Les ruptures conventionnelles ruinent-elles l’économie française ?
Plus de 500.000 personnes signent une rupture conventionnelle chaque année.
Depuis sa création en 2008, le succès de cette fin de CDI « à l’amiable » dépasse toutes les prévisions.
Mais à quel prix ?
Par Elise Koutnouyan (Journaliste vidéo)
Depuis sa création en 2008, les Français adorent la rupture conventionnelle. En 2022, le cap des 500.000 ruptures conventionnelles par an a été franchi. Et rien ne semble indiquer un reflux. Ce dispositif de fin de CDI est un exemple concret de la théorie de la flexisécurité. Inventé alors que le marché du travail avait besoin de flexibilité, il a été adjoint de garanties de sécurité pour les salariés qui en bénéficient.
Un dispositif adoré autant que décrié
Concrètement, lorsqu’une rupture conventionnelle est convenue, l’employeur s’engage à verser une indemnité de départ. En échange, le salarié touche le chômage après la fin de son contrat. Cet accès au chômage est décrié par les adversaires de la rupture conventionnelle, qui jugent le dispositif trop coûteux pour les finances publiques et pas assez efficace pour le marché du travail. Mais quand le gouvernement tente de revenir sur la rupture conventionnelle, tout le monde s’y oppose .

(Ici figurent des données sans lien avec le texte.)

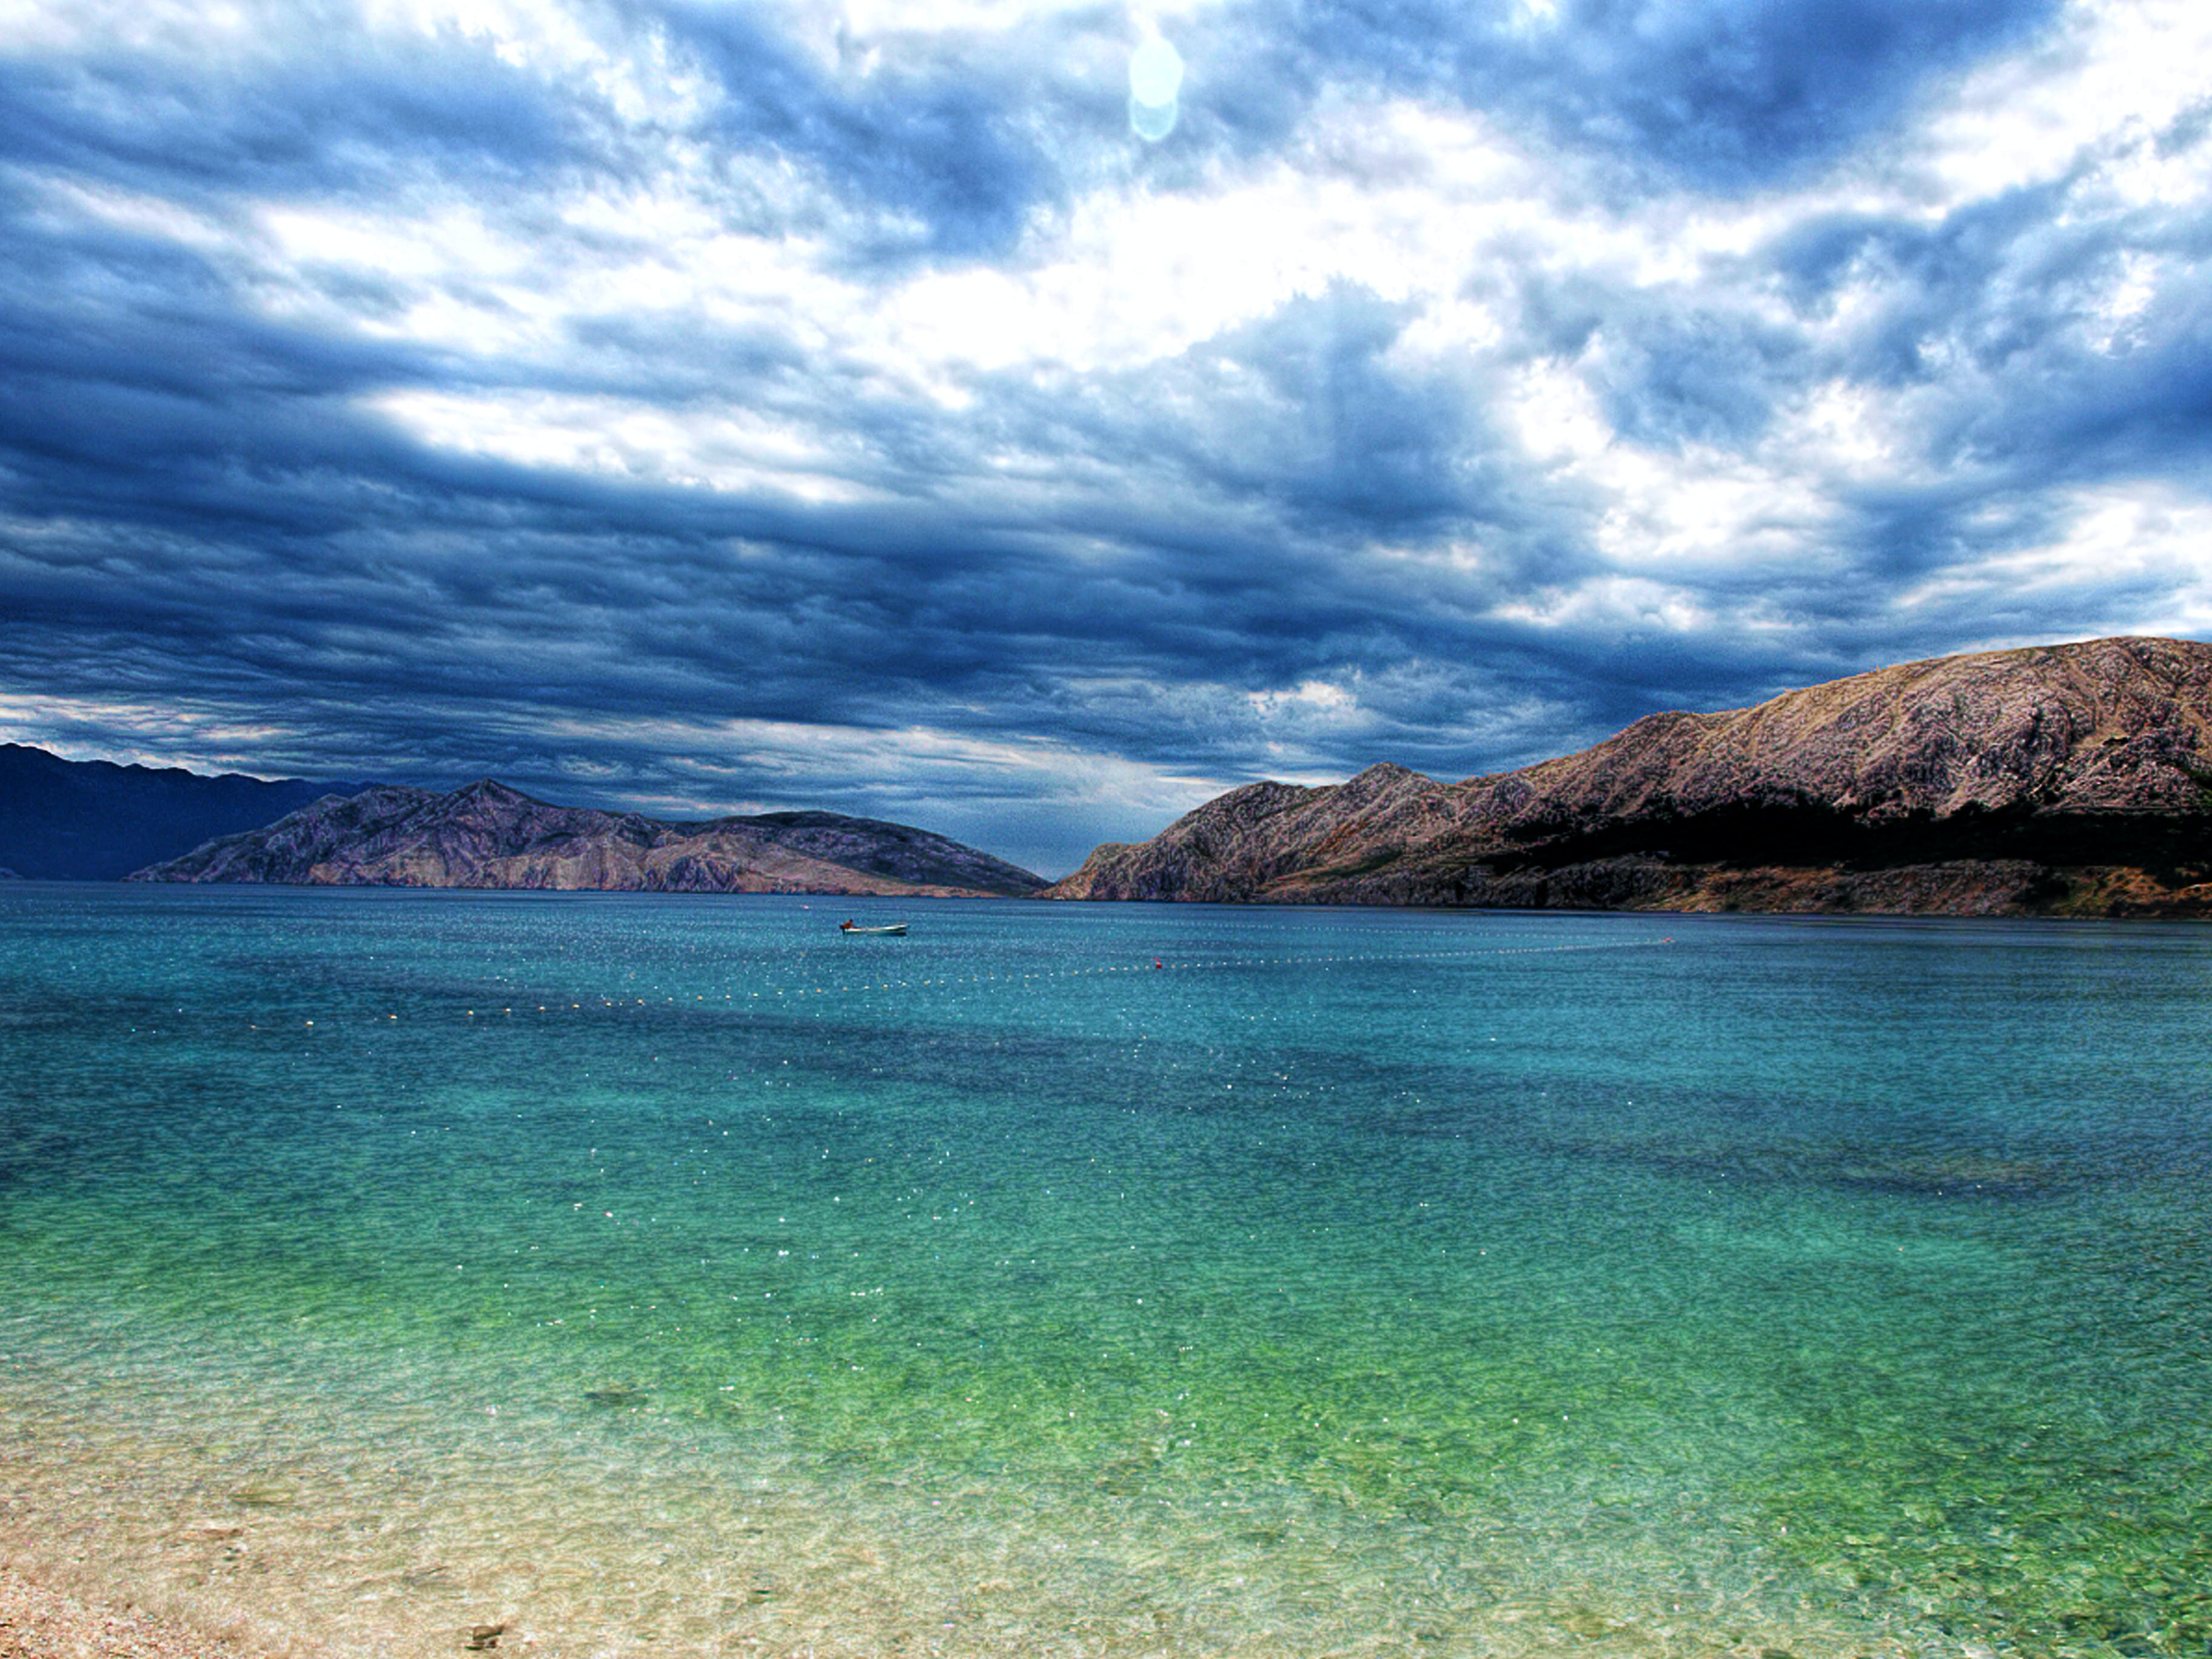 Kostenloses Stock Foto zu am meer, berge, boot, bucht

Pour comprendre l’impact de cette mesure, nous avons interrogé son inventrice, Laurence Parisot, ancienne présidente du Medef (2005-2013), le conseiller social de Nicolas Sarkozy au début de son mandat, Bertrand Martinot, ainsi qu’un économiste, Cyprien Batut. Comment expliquer son succès ? Est-ce que la rupture conventionnelle est bonne ou mauvaise pour l’économie ?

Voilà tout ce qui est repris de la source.